The wilderness estimate is derived from data mapped by grid-squares rather than at country level, and is therefore of a much finer resolution and can be applied as a direct measure for each catchment. Again in general the map (Map 12) gives good overall agreement with what may be intuitively expected. Major apparent anomalies include the relatively low wilderness value ascribed to the Zaire catchment and the relatively high value ascribed to the Yangtze. The former is probably because the base data, taken from the Digital Chart of the World (DCW) are not completely standardised across the globe. Thus in parts of Central Africa several low-grade forms of access (tracks, trails and footpaths), and the settlements associated with them, that are not normally marked on DCW maps, are marked. This will tend to decrease the apparent wilderness value of the area compared with other regions (R. Lesslie, in litt., 30 May 1998). In contrast, the Yangtze catchment, despite much of it lying in one of the most densely populated parts of the world, contains significant areas of montane regions with little marked access, so that the catchment as a whole has a higher wilderness value ascribed to it than might be expected.

Further refinements of the base-line information used to generate the wilderness index should resolve many of these apparent anomalies. However, the most important caveat to use of the wilderness index in this context is that it is a measure of the amount of wilderness in the land area of the catchment as a whole and does not directly reflect the condition of riverine ecosystems. Reasonably, other things being equal, it would be expected that there would be a good correspondence between the two, in that a catchment with a high wilderness rating should be relatively undisturbed and therefore have at least a proportion of its riverine ecosystems also relatively undisturbed.

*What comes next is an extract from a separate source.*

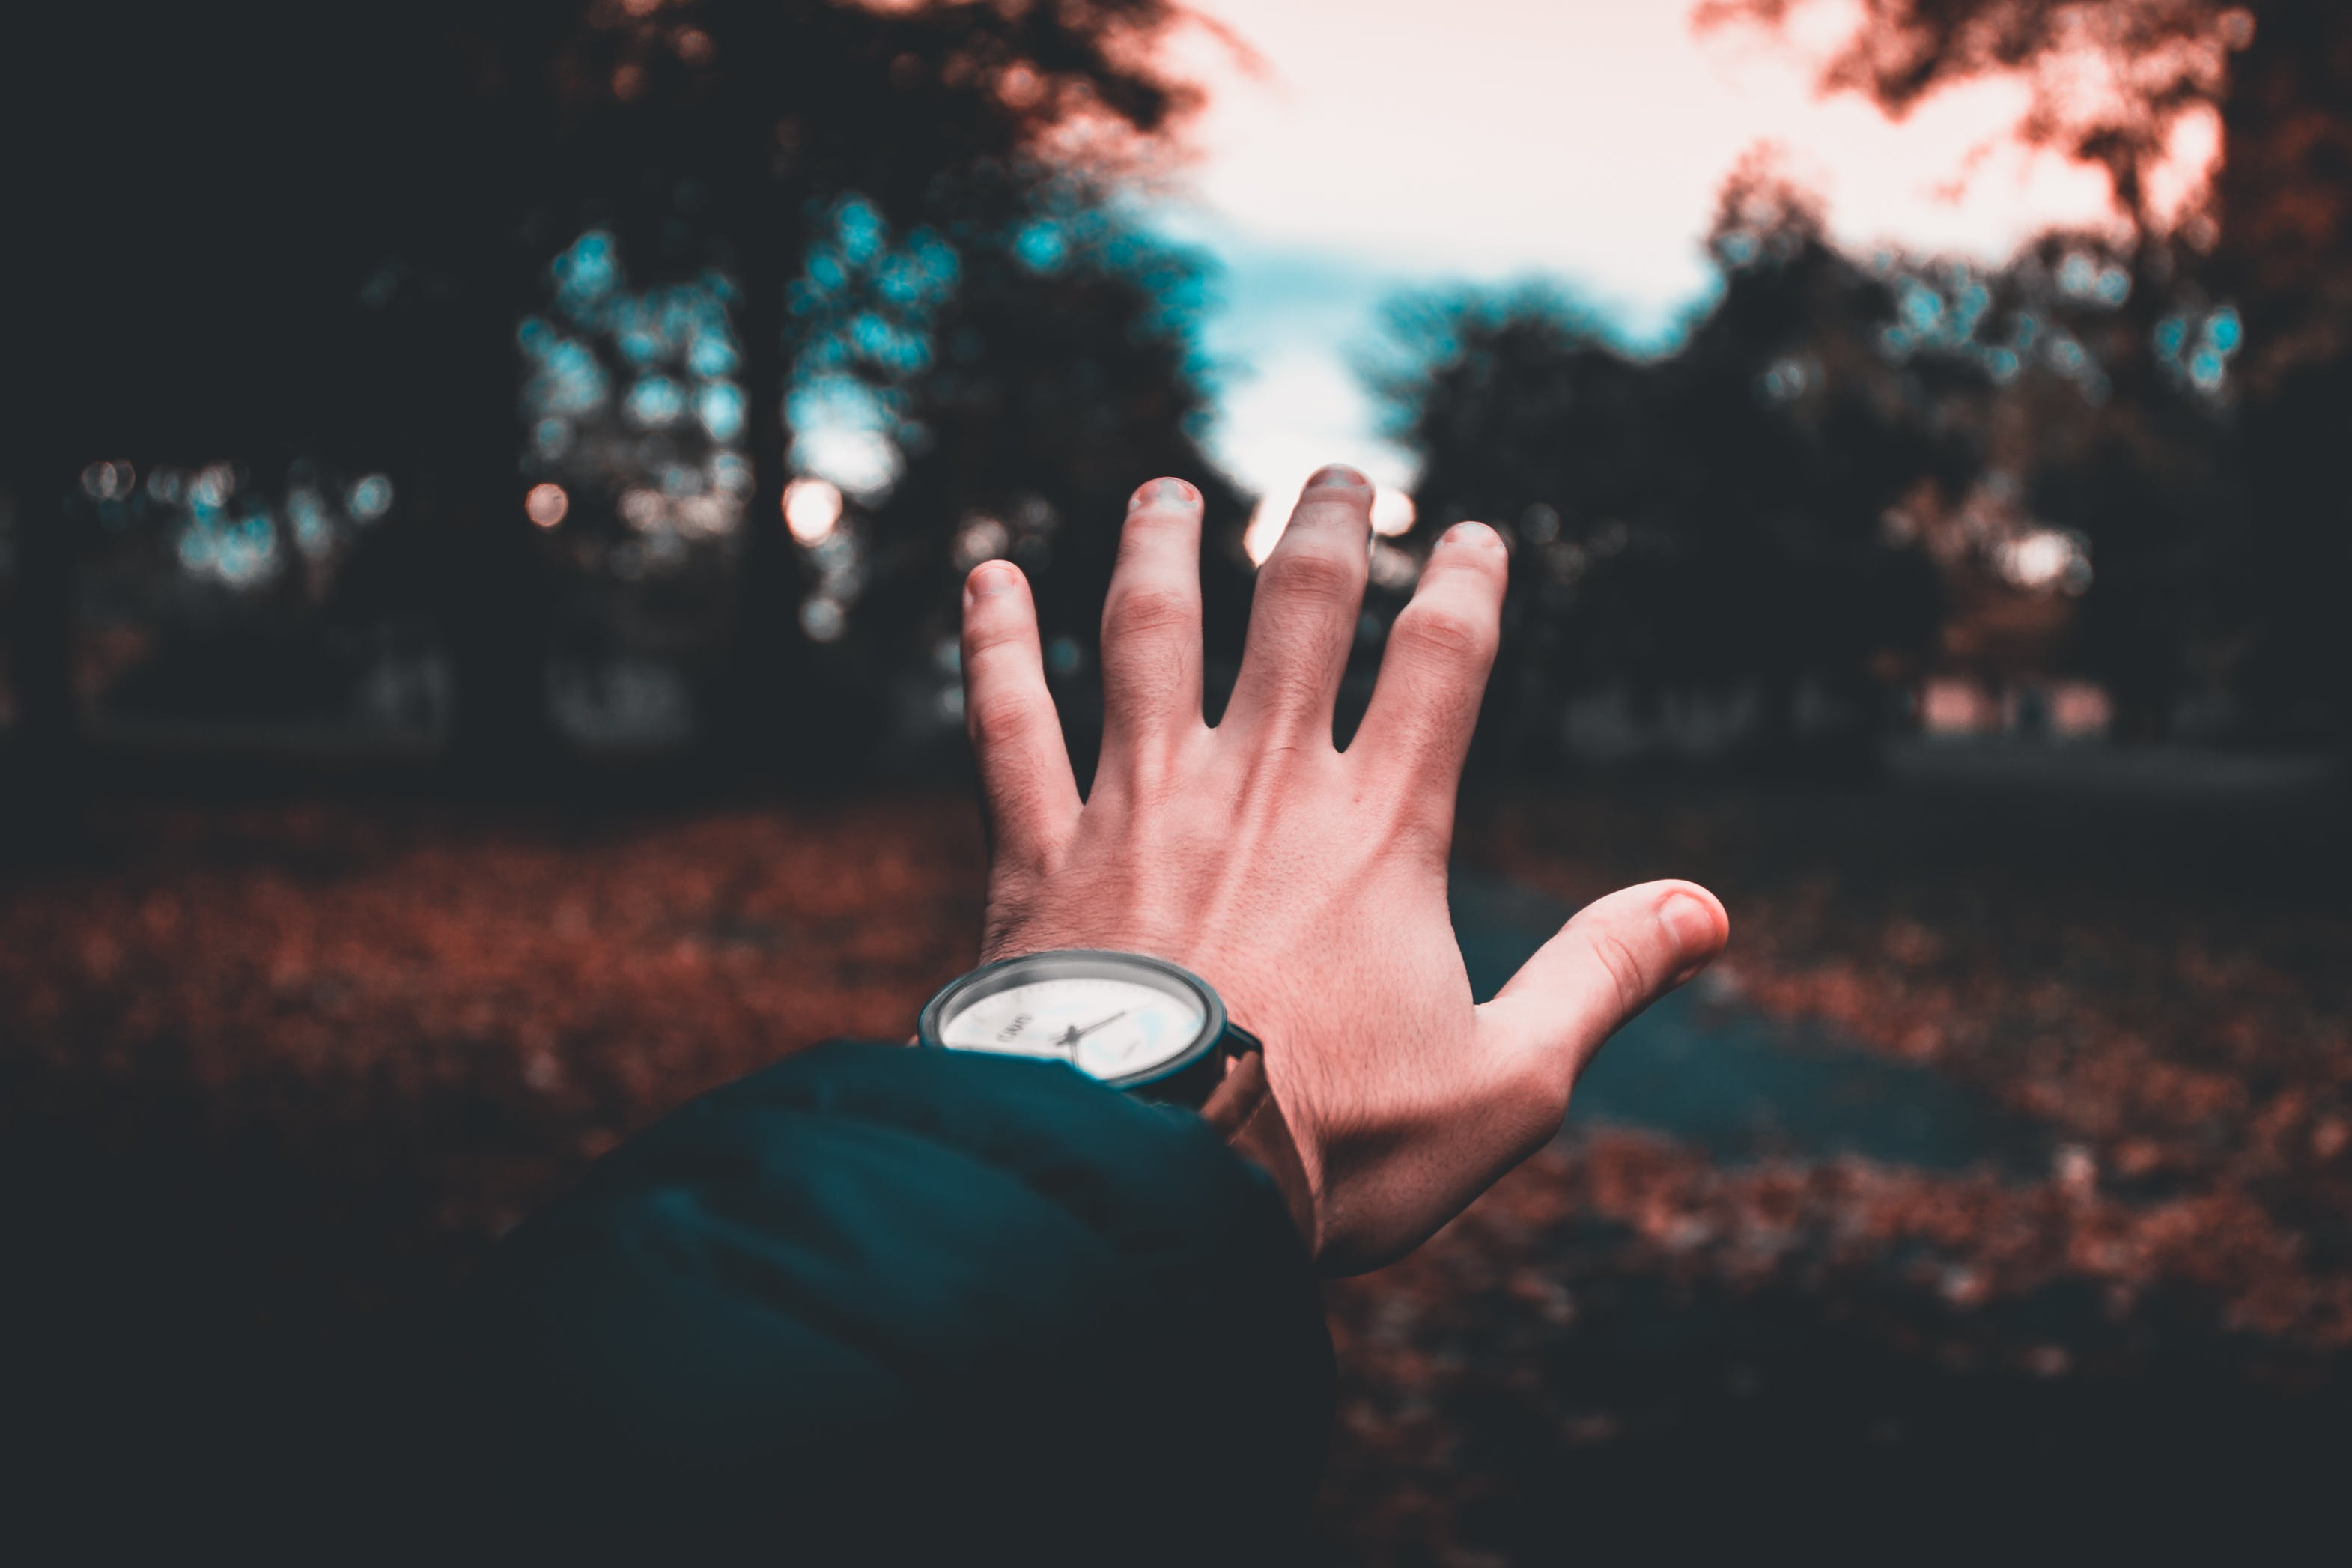 Person Wearing Round Analog Watch

However, this may be expected not strictly to hold in arid and semi-arid areas (in this case most notably in northern Africa). Here, the wilderness measure for the catchment is often high because large areas of desert or subdesert hinterland are very sparsely inhabited, but the rivers themselves may be expected to be disproportionately affected by human activity (ie. should in fact have a low wilderness measure) because this is were the bulk of the human population in the catchment is settled.

Despite these problems, the measure does seem to provide a good starting point for assessing how disturbed or impacted the world's major catchments are overall.

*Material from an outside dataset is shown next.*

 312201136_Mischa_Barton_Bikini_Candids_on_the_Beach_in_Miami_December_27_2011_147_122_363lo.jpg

A good overall impression of stress to or probable impact on riverine ecosystems can be gained by combining the water resource vulnerability index with the negative of the wilderness index (i.e. a measure of the absence of wilderness in a catchment). This has been done by normalising the two, so that all values for each lie between 0 and 1, and subtracting wilderness value from the water resource vulnerability index. Both indices have essentially the same spread of values (approximately four-fold increase from the lowest value to the highest), so that each contributes equally to an overall value for threat calculated in this way.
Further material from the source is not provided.